「…………彩蝶に、会いたくないんだ」
「……」
「俺はもう、人間じゃないから」
刹那─氷室刹那には、婚約者がいた。
氷室依月が生まれて、幸せいっぱいだった氷室家は幼なじみ同士だったふたりの婚約を結んだ。
お互いを意識していて、きっと幸せになれる未来があった。それを、破壊され……その要因となった四ノ宮のゴタゴタで、氷室家が滅んだという情報以外を与えられず、彩蝶は田舎へと引っ込んだ。
─確か、大まかな過去はそんな感じだった。
でも、彩蝶が婚約者を喪った事実を知るには、氷室家が全滅したという情報だけでじゅうぶん。
家族同然、本当の家族関係は冷えきっていた彩蝶にとって、大切な婚約者一家は、彩蝶という存在のせいで滅んでしまったと言っても過言ではなく、ああ、そう、言ってしまえば、今回と似ている。
氷見は愚かにも、“繰り返した”のだ。
氷室を滅ぼし、地位を奪い、四ノ宮彩蝶に自分の血縁を押し付けようとしたように、今回も依月を。
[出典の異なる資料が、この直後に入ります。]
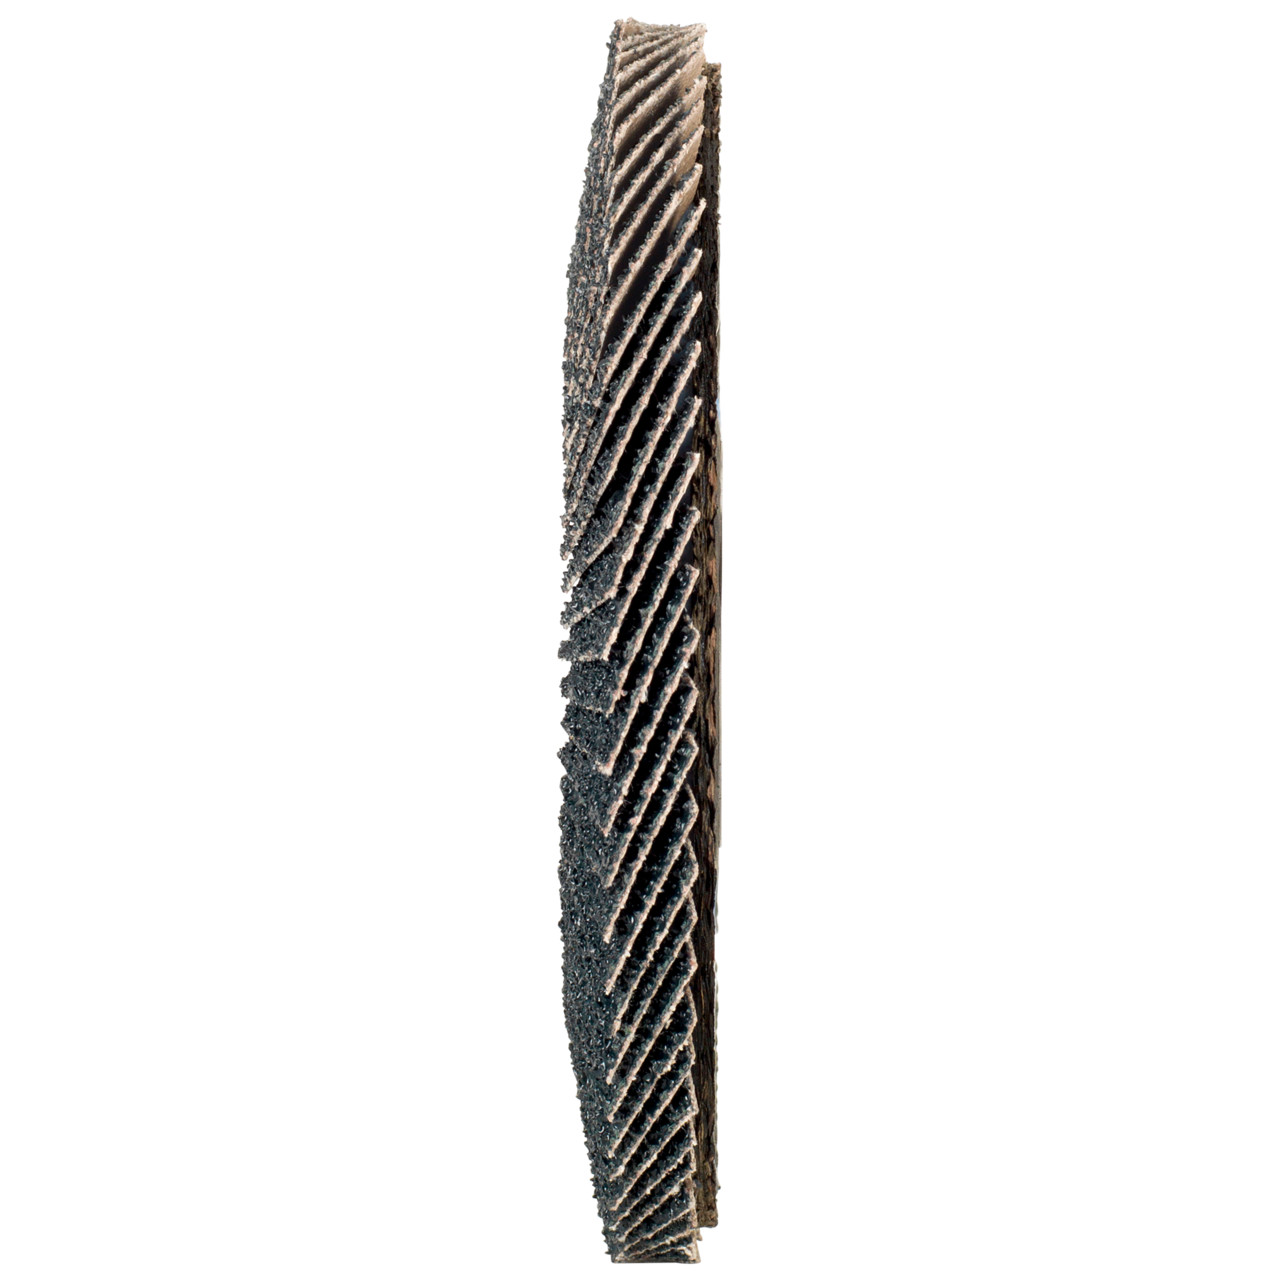 TYROLIT Fächerscheibe DxH 125x22,2 2in1 für Stahl & Edelstahl, P60, Form: 27A - gekröpfte Ausführung (Glasfaserträgerkörperausführung), Art. 668664

(それなら、刹那や彩蝶が怒り狂っていても仕方がないか)
にしても、同じ手法を繰り返すなんて、愚かな。
そんなこと、裏の世界でやったら、ひとたまりも残らないだろうな。
「……でも、彩蝶は独りだよ」
悠月はパフェを食べ終えた。
外を見ると、夫が車から降りてくる姿が見える。
「人に囲まれていても、どんなに彼らが彼女に優しくしたとしても、彼女はひとりだよ。永遠に。ずっと、ずっと」
─だって、彼女の運命は、刹那なのだから。
それを、【運命の調律者】なら知っているはず。
「─ちょっと待ってて。飛鳥呼んでくる」
逃げられない運命はあるよ。変えられる運命があるように、変えられない運命もある。
でも、刹那は創世の彼すらも蘇らせた存在だ。
「悠月っ」
「孤独はね、人を追い詰めるんだから。調律者なら、誰かの運命を変えてきたのなら、刹那もさ、その身をひとつの歯車にしないと。覚悟を決めて。大丈夫。夜明けはくるよ」
止めようとする刹那にそう微笑んで、悠月は店を出る。
窓から見える刹那は力無さげに椅子に座り、俯いた。それを見ていたのか、悠月の存在を視界に映した飛鳥は腕を広げながら、笑う。
「─あんま、虐めてやるなよ」
「いじめてないよ」
ぎゅーっと抱き締められながら、悠月は彼の温もりを感じる。
心臓の音。呼吸の音。─彼が、生きている音。
「ねぇ、飛鳥。お願いがあるの」
「いいよ」
「…何かわかるの?」
「もちろん。既に話は通した」
「早いねぇ」
「早い方が良い」
「うん。ありがと」
「どういたしまして」
額にキスされて、くすぐったい。
身をよじろうとしても逃げられないように、腰に手を回されているし、悠月は諦めて顔を上げる。
触れ合う熱は、悠月をここに繋ぎ止める。
─悠月を、孤独にすることは無い。
「悠月は、車に乗っておいて」
「?、刹那に会いに行くんでしょ?」
「うん」
「じゃあ、私も……」
「駄目。男同士の話だから」
「?、わかった」
大人しく車に乗り込むと、頭を撫でられる。
「行ってらっしゃい」
それがやっぱり擽ったくて、でも嬉しくて、悠月は笑った。